Ps 1:2-From the end of the earth I will cry to You,
       When my heart is overwhelmed (I am overwhelmed by this situation);
       Lead me to the rock (Jesus, who) that is higher than I.
    :8-So I will sing praise to Your name forever,
        That I may daily perform my vows (service).
Zech 4:6-So he answered and said to me:
             “This is the word of the Lord to Zerubbabel (me-Ann):
             ‘Not by (your) might nor by power, but by My Spirit,’
             Says the Lord of hosts.
           7-‘Who are you, O great mountain (Board Exam)?
              Before Zerubbabel (Ann) you (it) shall become a plain!
              And he shall bring forth the capstone
              With shouts of “Grace, grace to (over) it!”’”
[PS Statement-These verses were taught at my Women's Retreat this Spring.  If you don't go to Women Retreats.....GO...!!!]

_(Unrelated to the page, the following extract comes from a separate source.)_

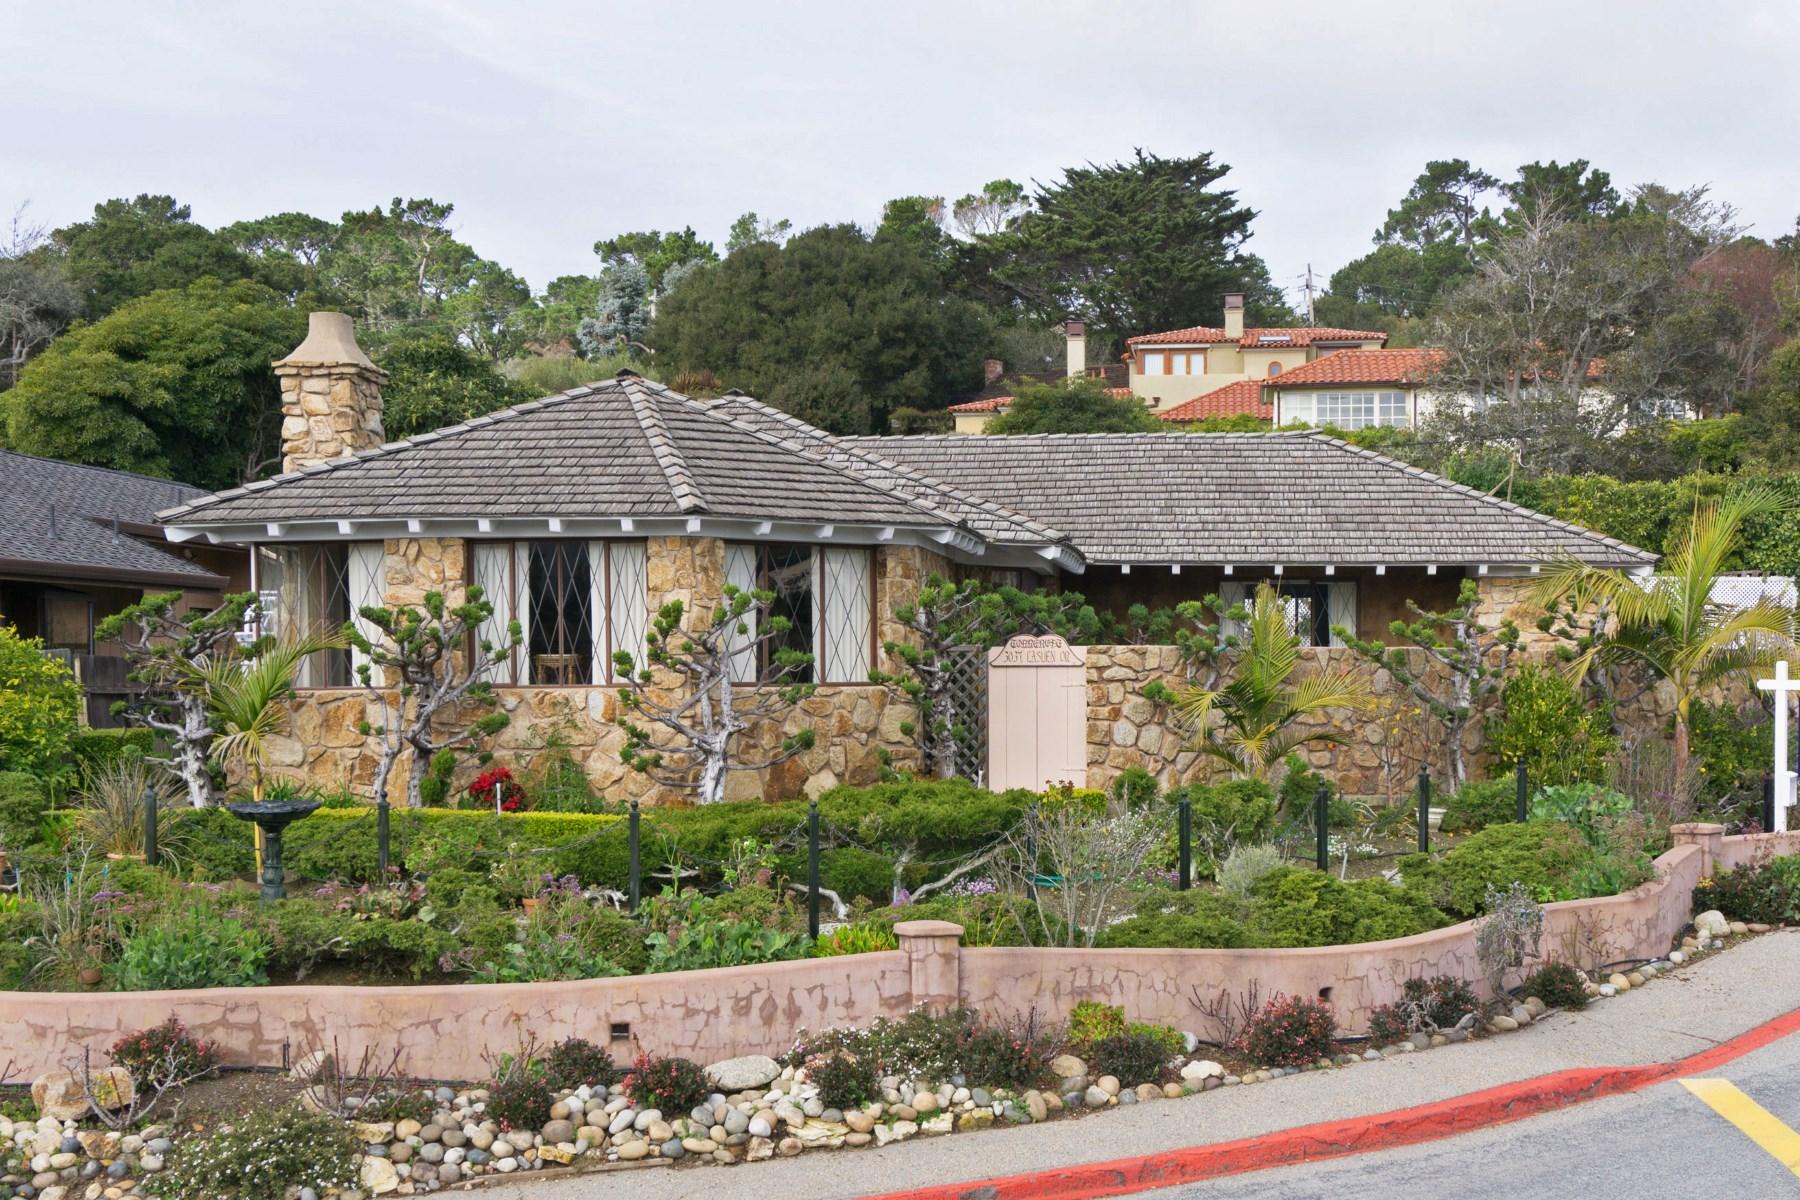 Moradia para Venda às Prominent Home by the Carmel Mission 3037 Lasuen Drive Carmel, Califórnia 93923 Estados Unidos

Now, I have not had a good day in clinic since this journey has begun.  On top of all this, every patient that I have examined for this exam, have not totally met the criteria.  Even the Dentist in clinic said, "I could write a book of this subject."  

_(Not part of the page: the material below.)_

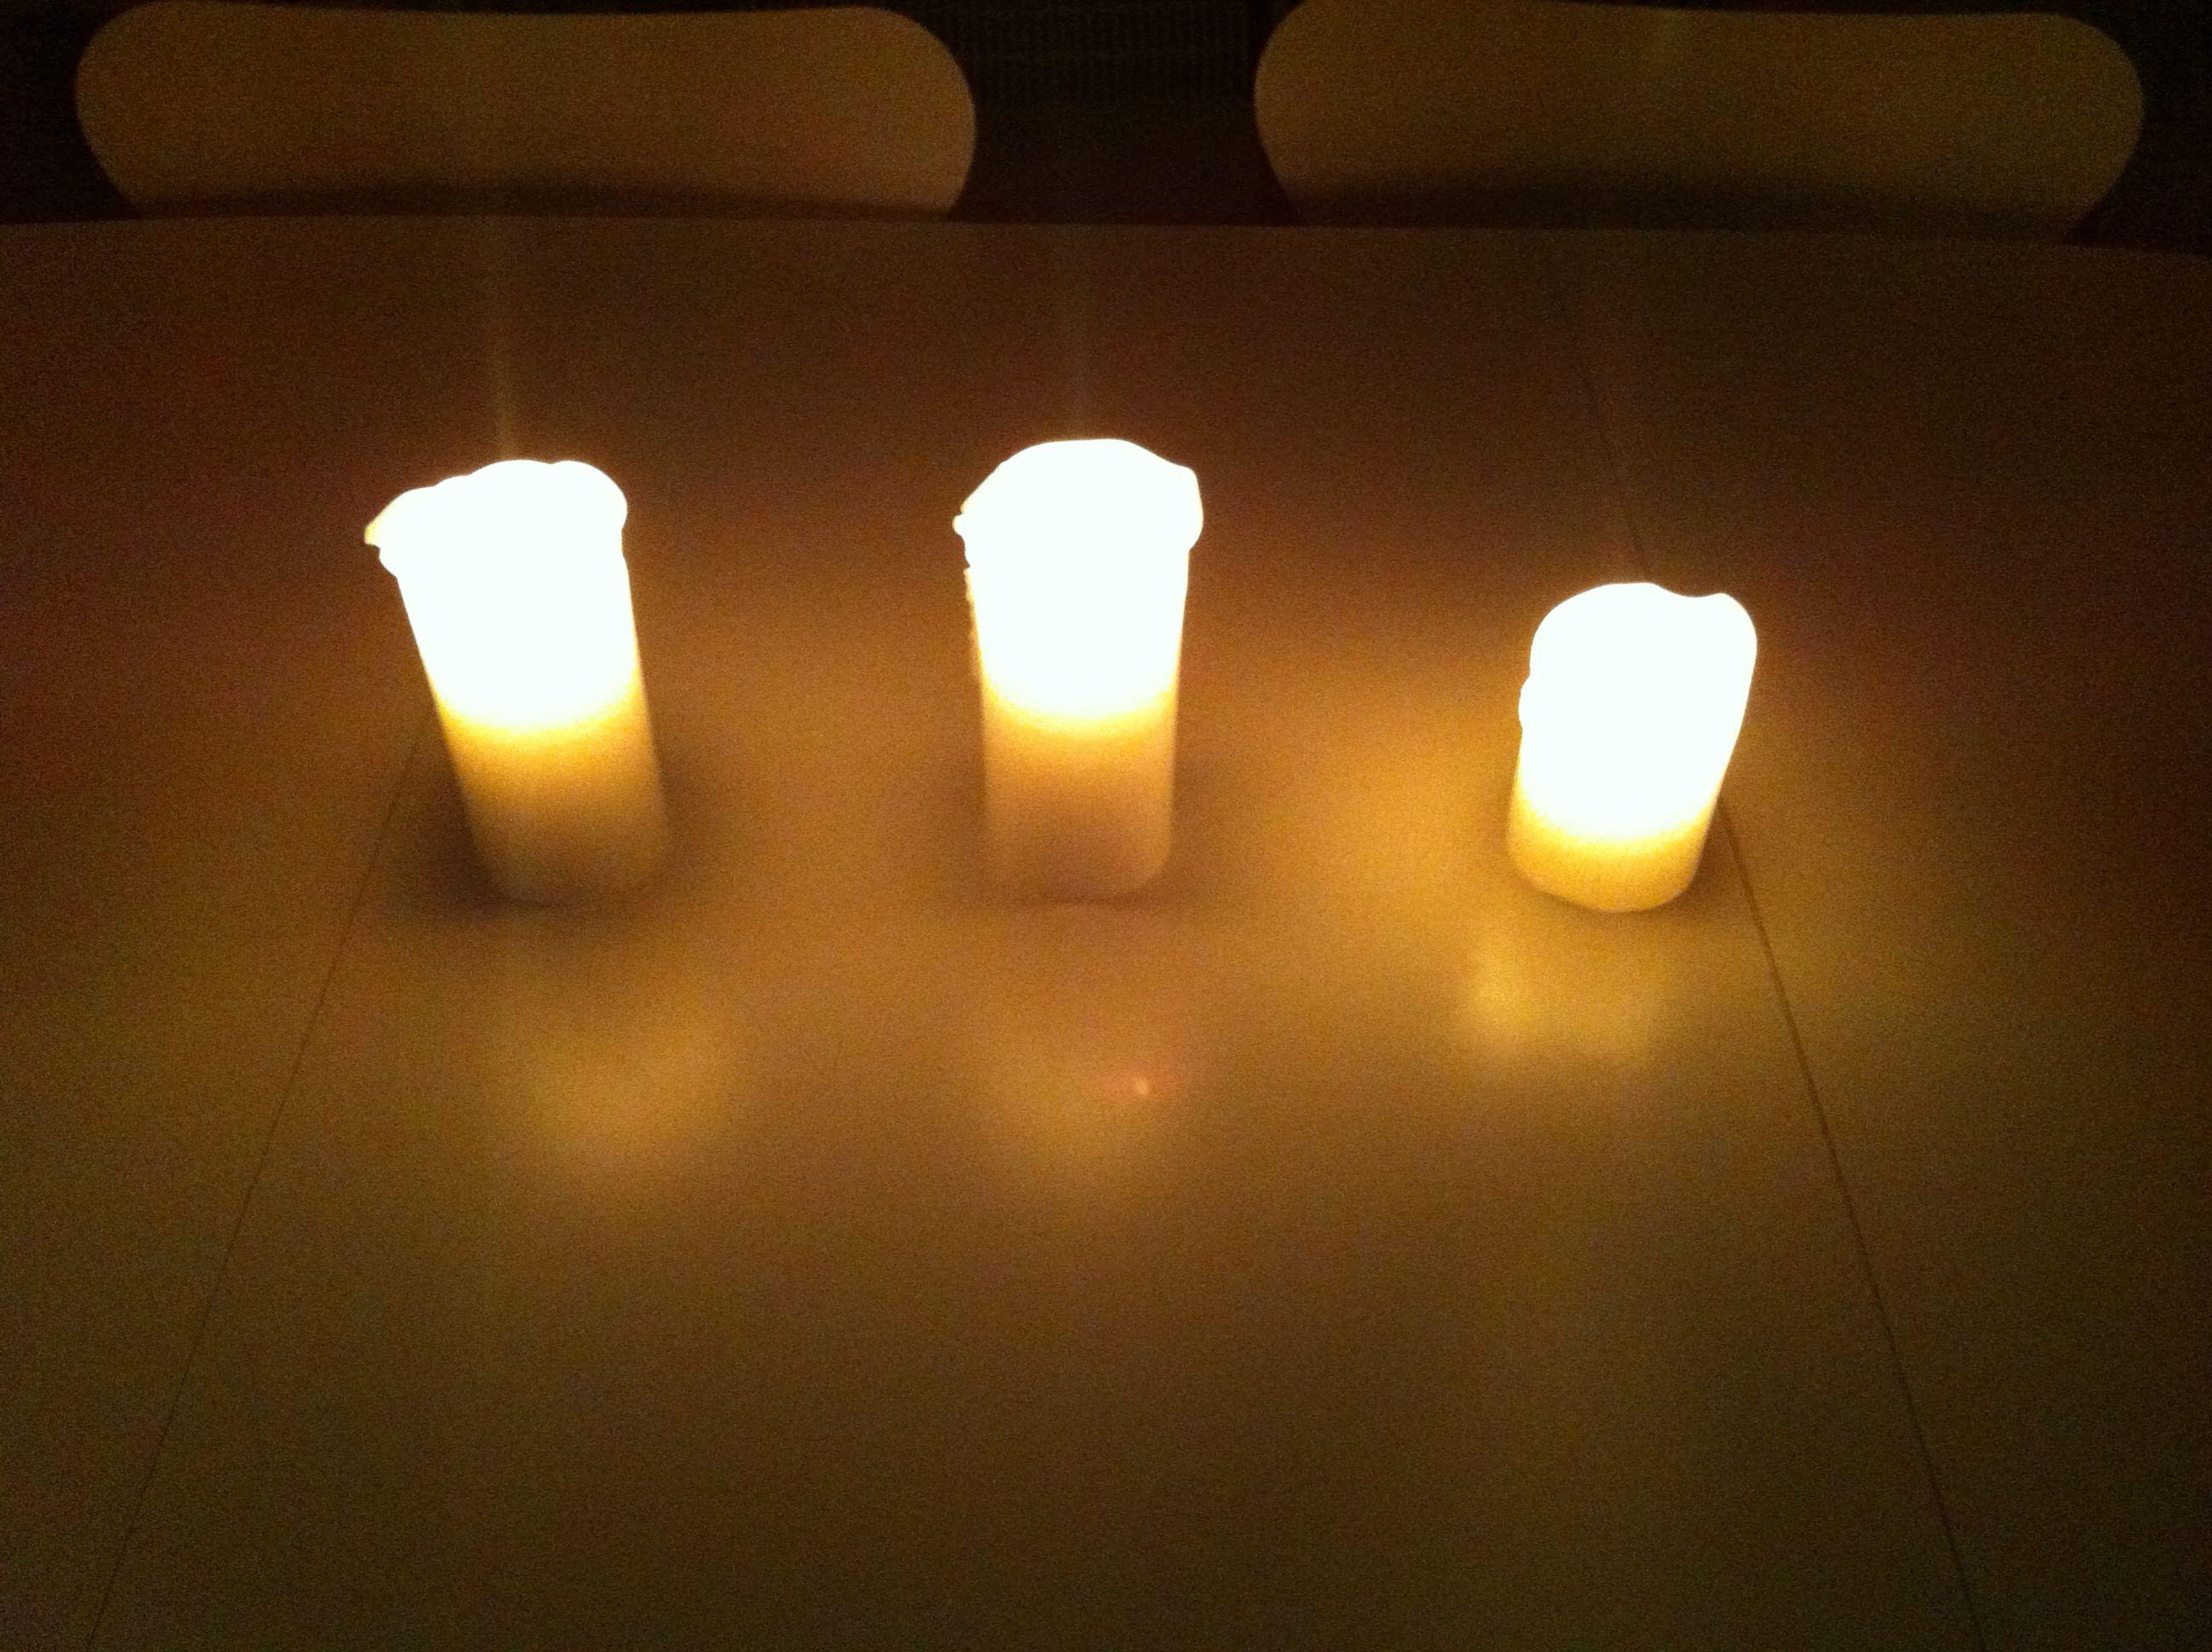 watching the deep glow create some skandinavisk hygge

Through God's grace & faithfulness, I am grateful to write that I do have a patient to take to the exam.  God gave him to me at the very last moment.  I already know that he doesn't meet the requirements for the exam, so I know I will take a hit going into the exam.  In other words, points are already taken off before I even begin the exam.  I will have to take the exam & be perfect.

The exam is Saturday (Apr. 28th, 2012).  This past weekend I had time to regroup.  During these last couple of weeks I have really had a chance to be in God's Word.  Interesting enough Mt 6:25-34 has been coming at me from all sides, even on a beautiful mug that some dear friends gave me months ago.  

In this passage, Jesus mentioned 3 times- DO NOT WORRY about...   Well, it finally occurred to me I better take heed.  What really spoke to me was in verse
33 But seek first the kingdom of God and His righteousness, and all these things shall be added to you.  
What is the kingdom of God you ask?  
Romans 14:17
for the kingdom of God is not eating and drinking, but righteousness and peace and joy in the Holy Spirit.

Reality Check!!!
Where God wants me to put my focus is own His righteousness, peace & joy in the Holy Spirit during any situation.

It is time for peace & joy.  He wants me to go into this exam with peace & joy; not after the Board & no matter if I pass or not. 

One thing I have learned through this preparation is becoming aware of where is where am I getting my significance; my identity.  Knowing Who is my identity & Where my significance comes from gives me peace & joy.